### What the exercise asks
Restate word for word the section of the entries that opens at the line containing "名古屋 仙台 8000円" and closes at the line containing "犬疱疹病毒荧光定量PCR试剂盒(染料法)", both lines kept, pictures dropped.

### Provided information
_ _ _

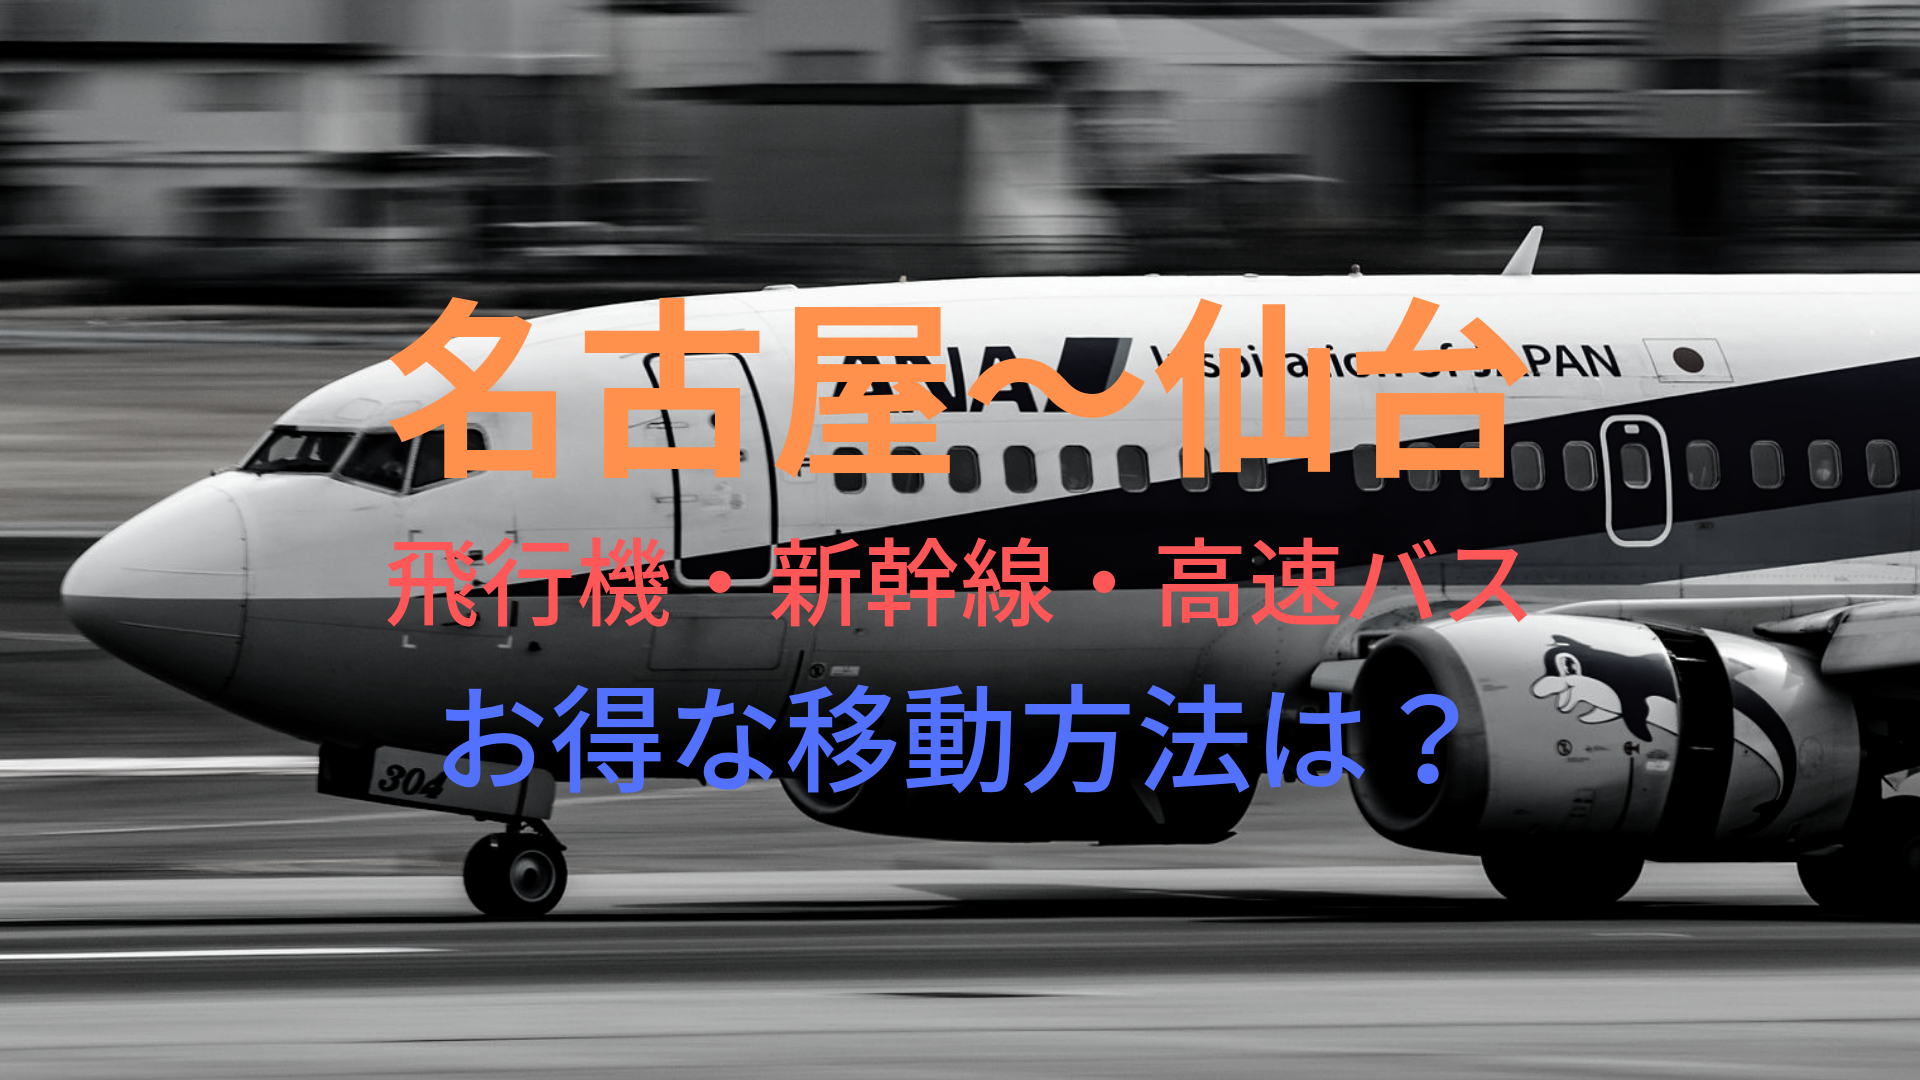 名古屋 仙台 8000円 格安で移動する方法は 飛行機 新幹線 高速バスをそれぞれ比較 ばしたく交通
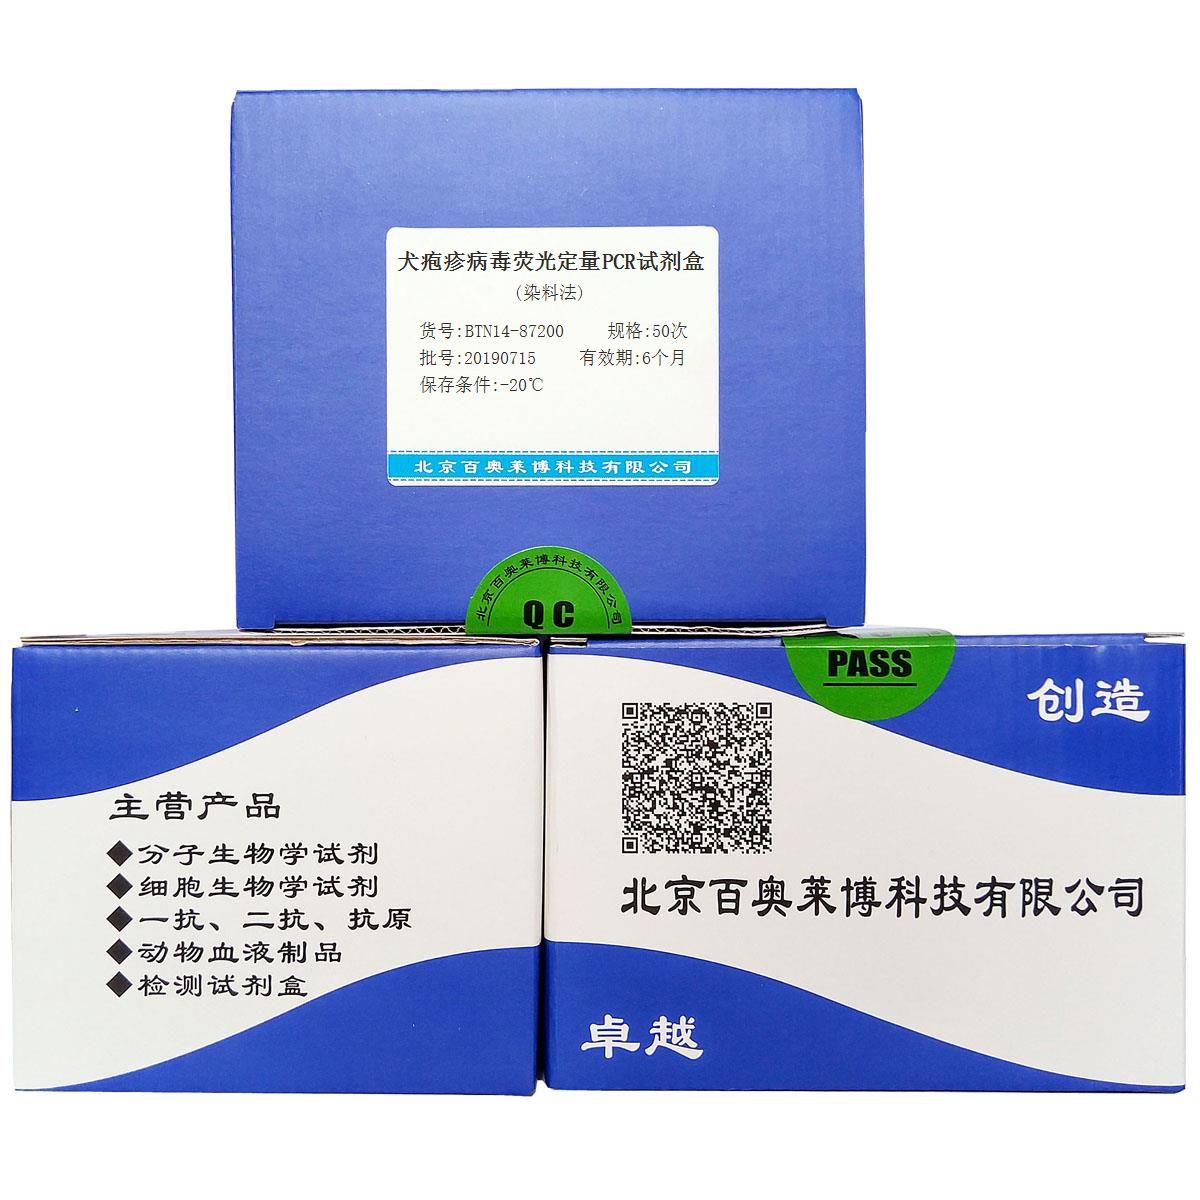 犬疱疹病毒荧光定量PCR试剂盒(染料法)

_ _ _

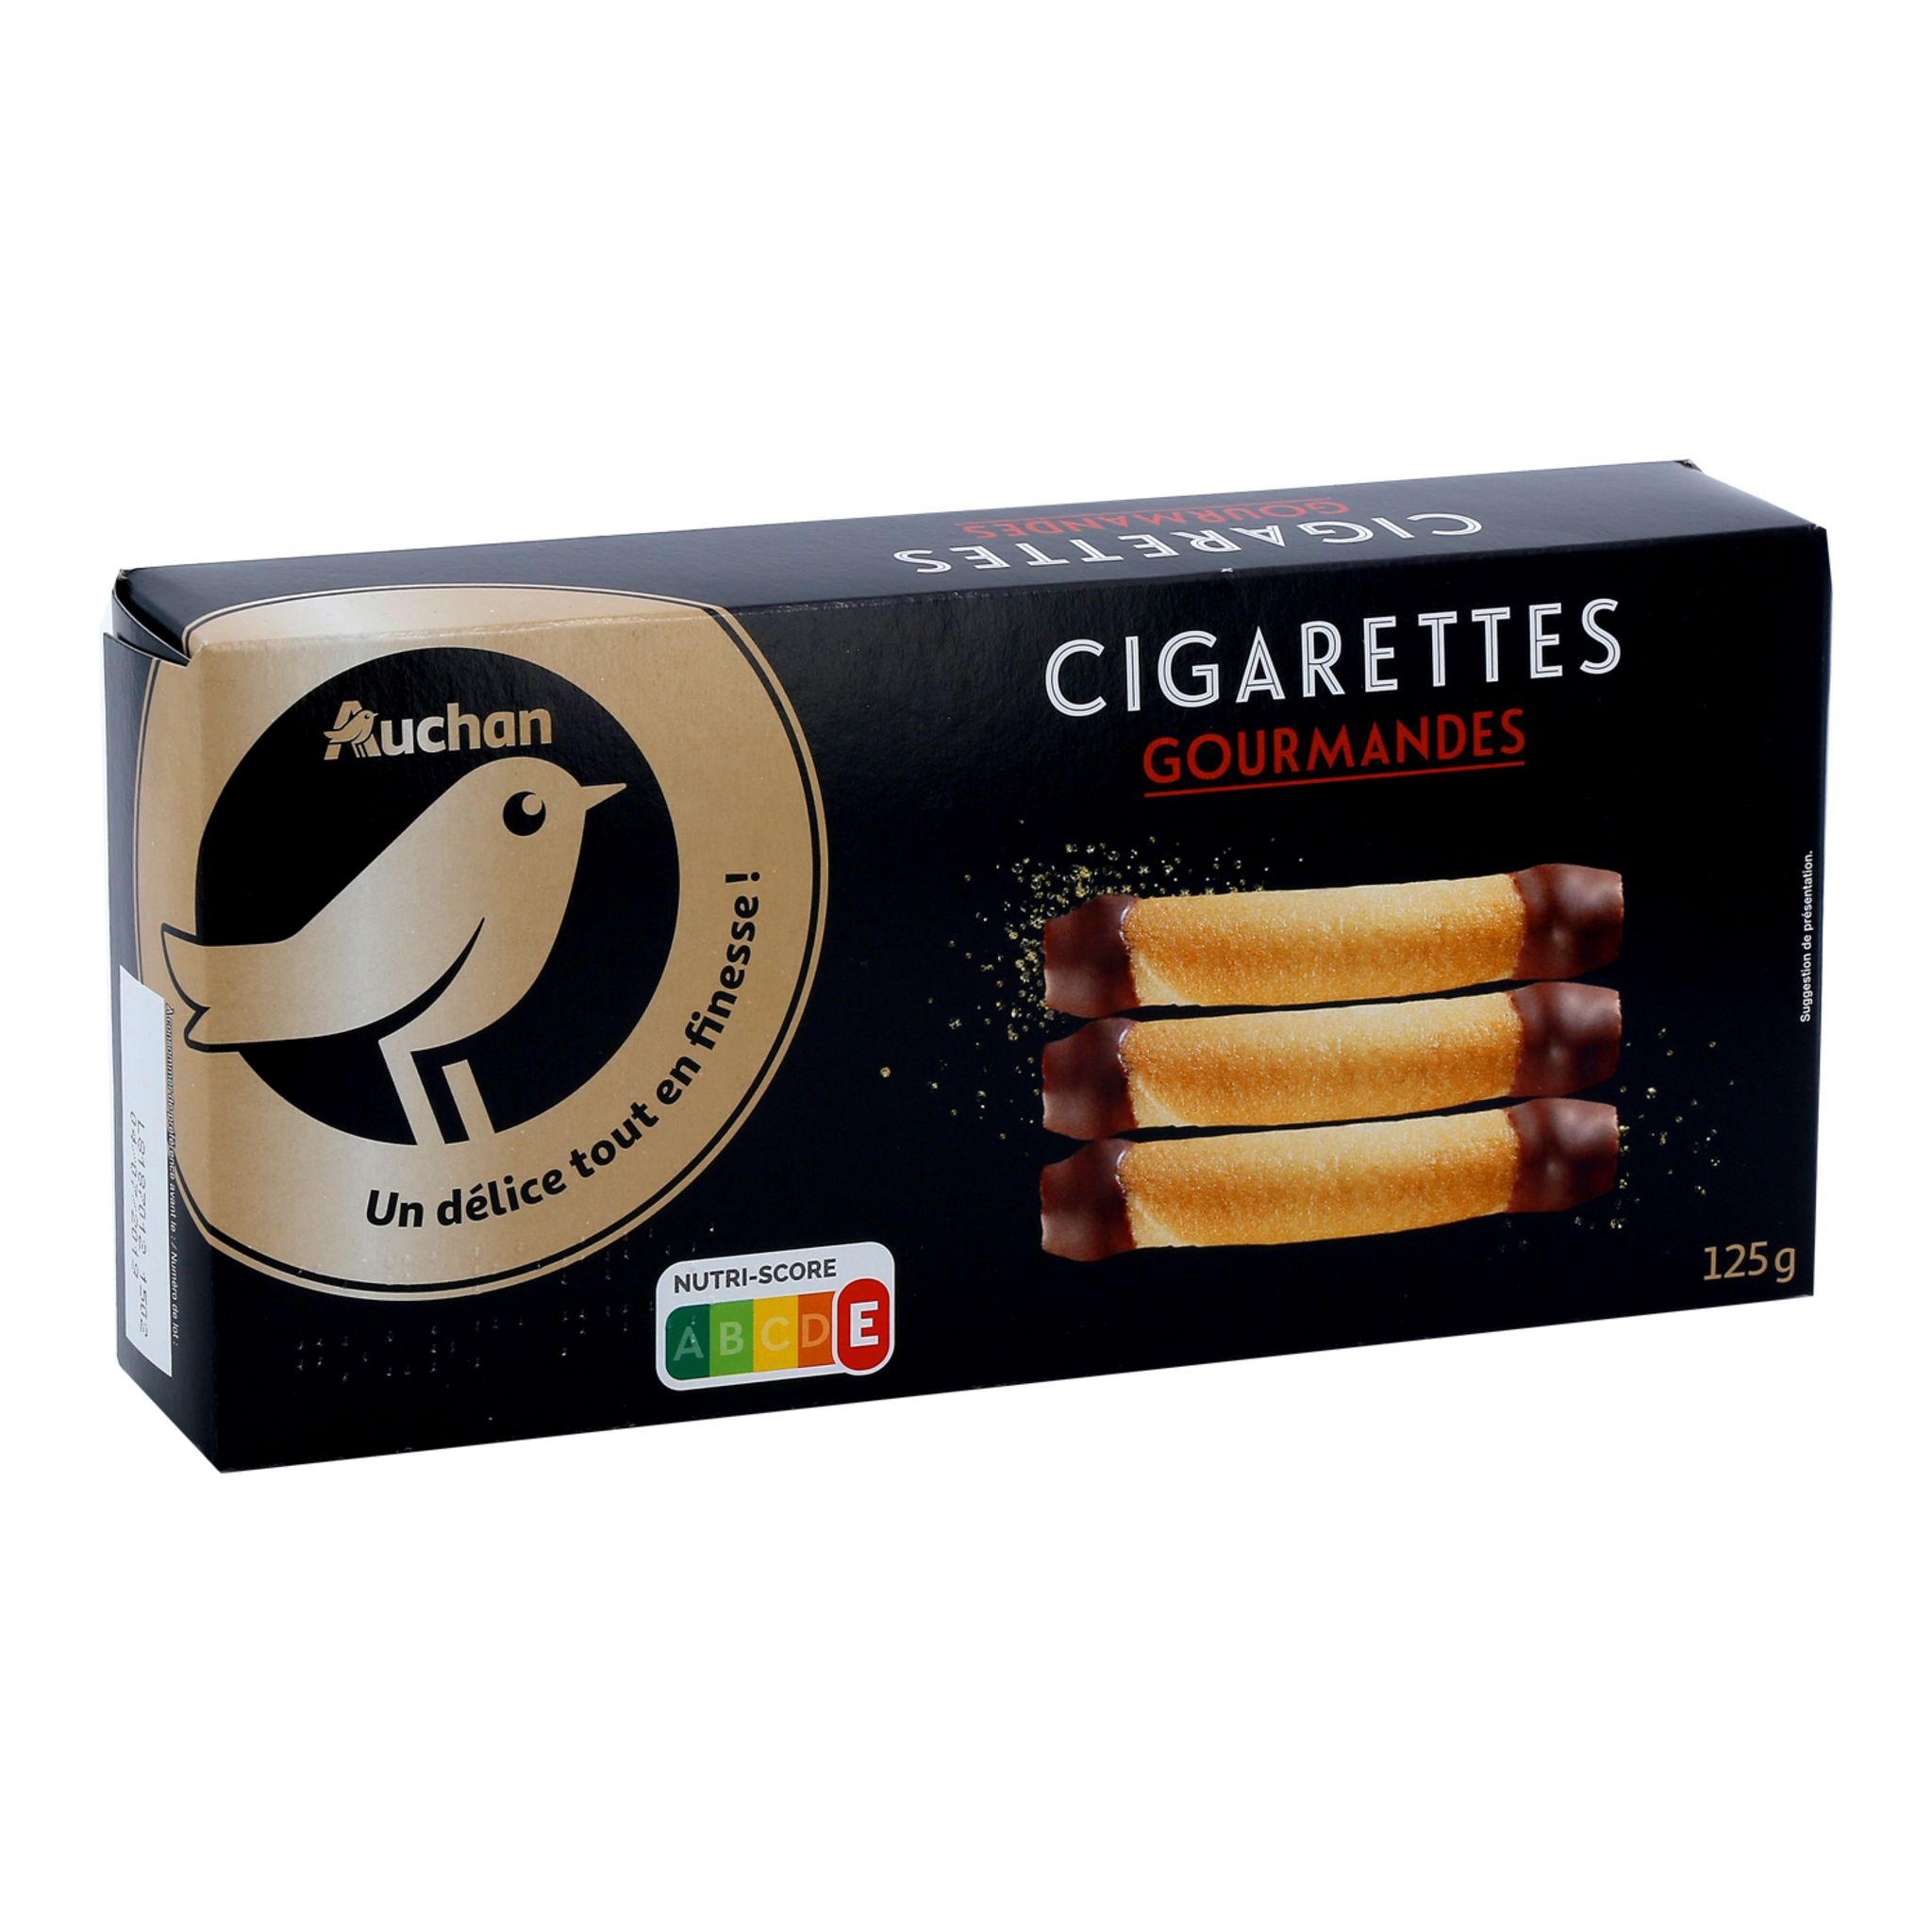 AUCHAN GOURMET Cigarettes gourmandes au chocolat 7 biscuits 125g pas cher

_ _ _

### Response to the exercise
 名古屋 仙台 8000円 格安で移動する方法は 飛行機 新幹線 高速バスをそれぞれ比較 ばしたく交通
 犬疱疹病毒荧光定量PCR试剂盒(染料法)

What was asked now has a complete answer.